§ **Task item**: Leave no picture in, and give every entry again exactly.

Stored dataset items
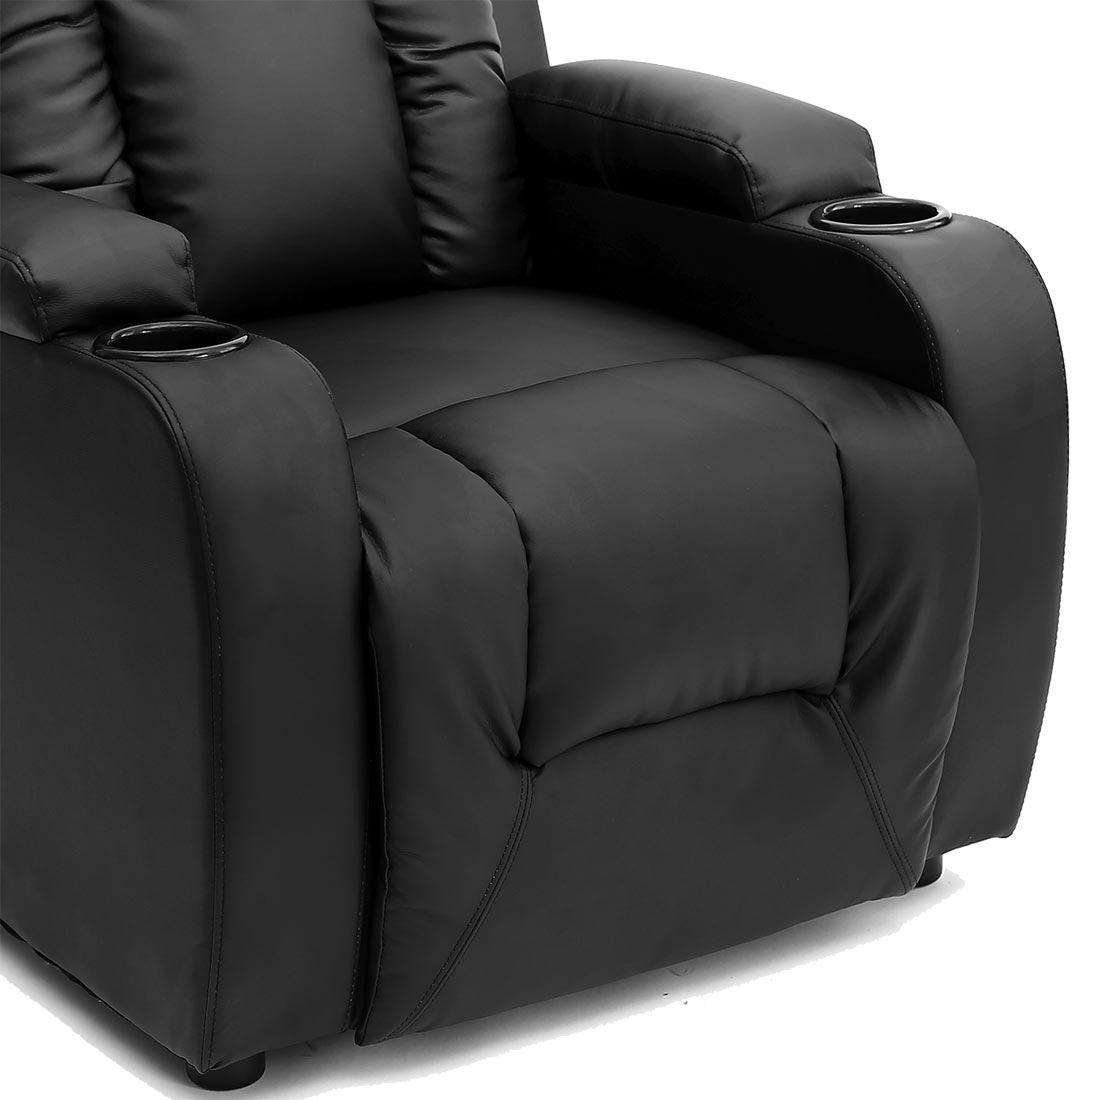 Oscar Black Leather Recliner W Drink Holders Armchair Sofa
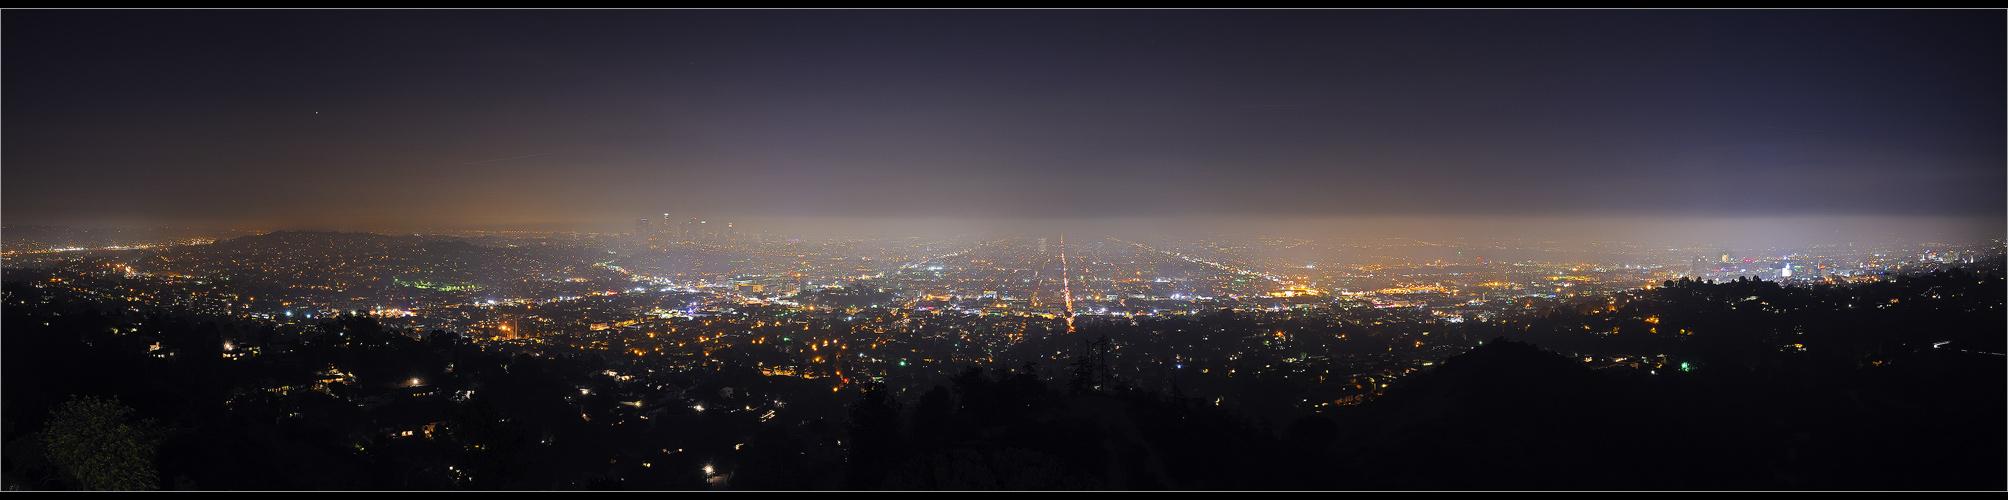 ... City of Angels ...
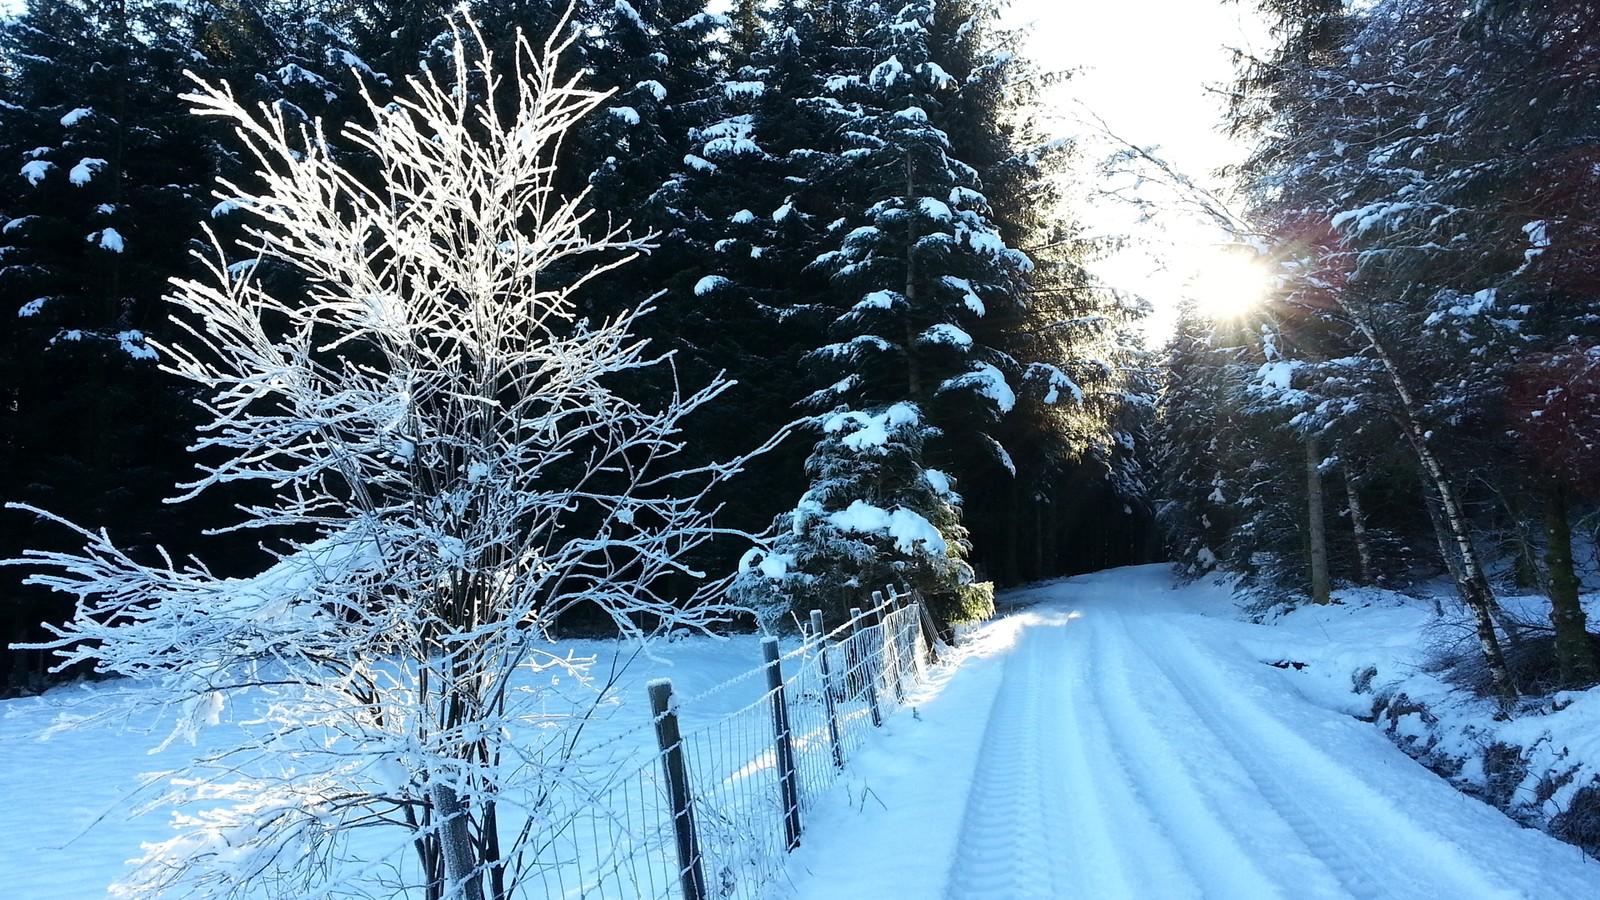 Vinter i Kringlelia på Kyllingstad i Gjesdal.
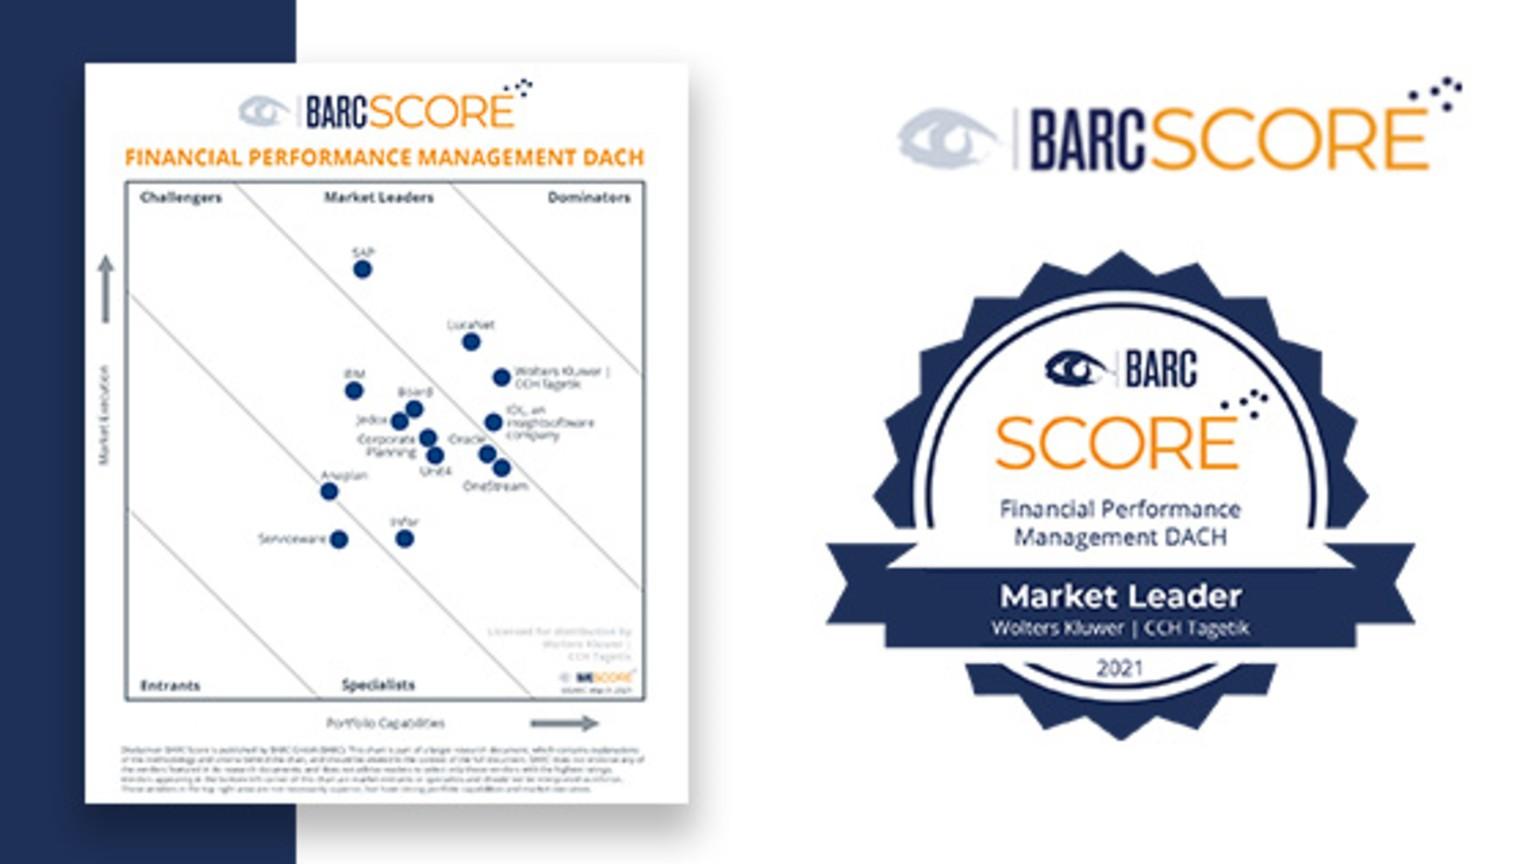 barc-score-financial-performance-dach-2021
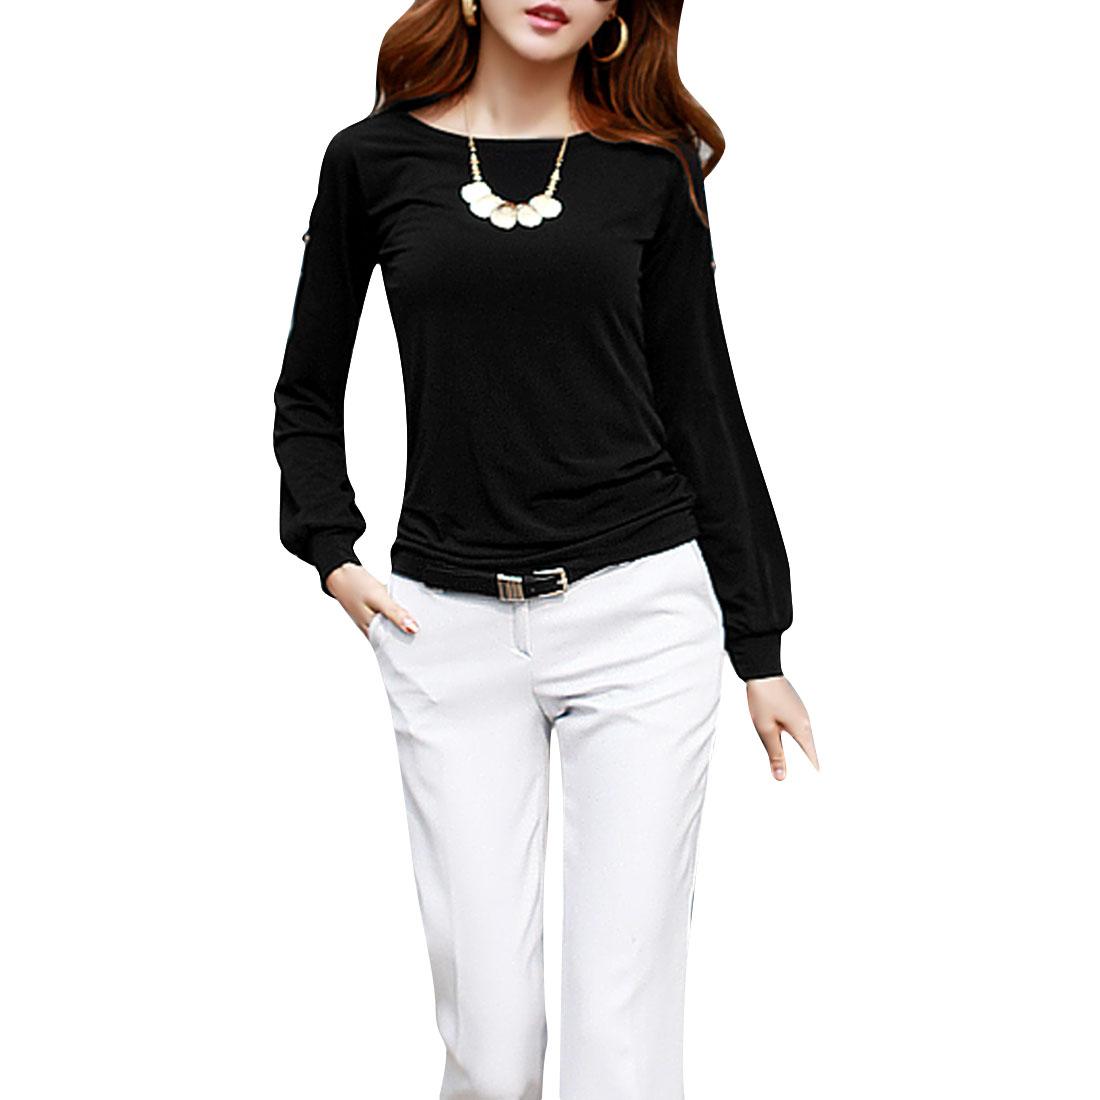 Lady Scoop Neck Cut Out Shoulder Detail Slim Black Tee Shirt XS

§ **Completed task**:
 Oscar Black Leather Recliner W Drink Holders Armchair Sofa
 ... City of Angels ...
 Vinter i Kringlelia på Kyllingstad i Gjesdal.
 barc-score-financial-performance-dach-2021
 Lady Scoop Neck Cut Out Shoulder Detail Slim Black Tee Shirt XS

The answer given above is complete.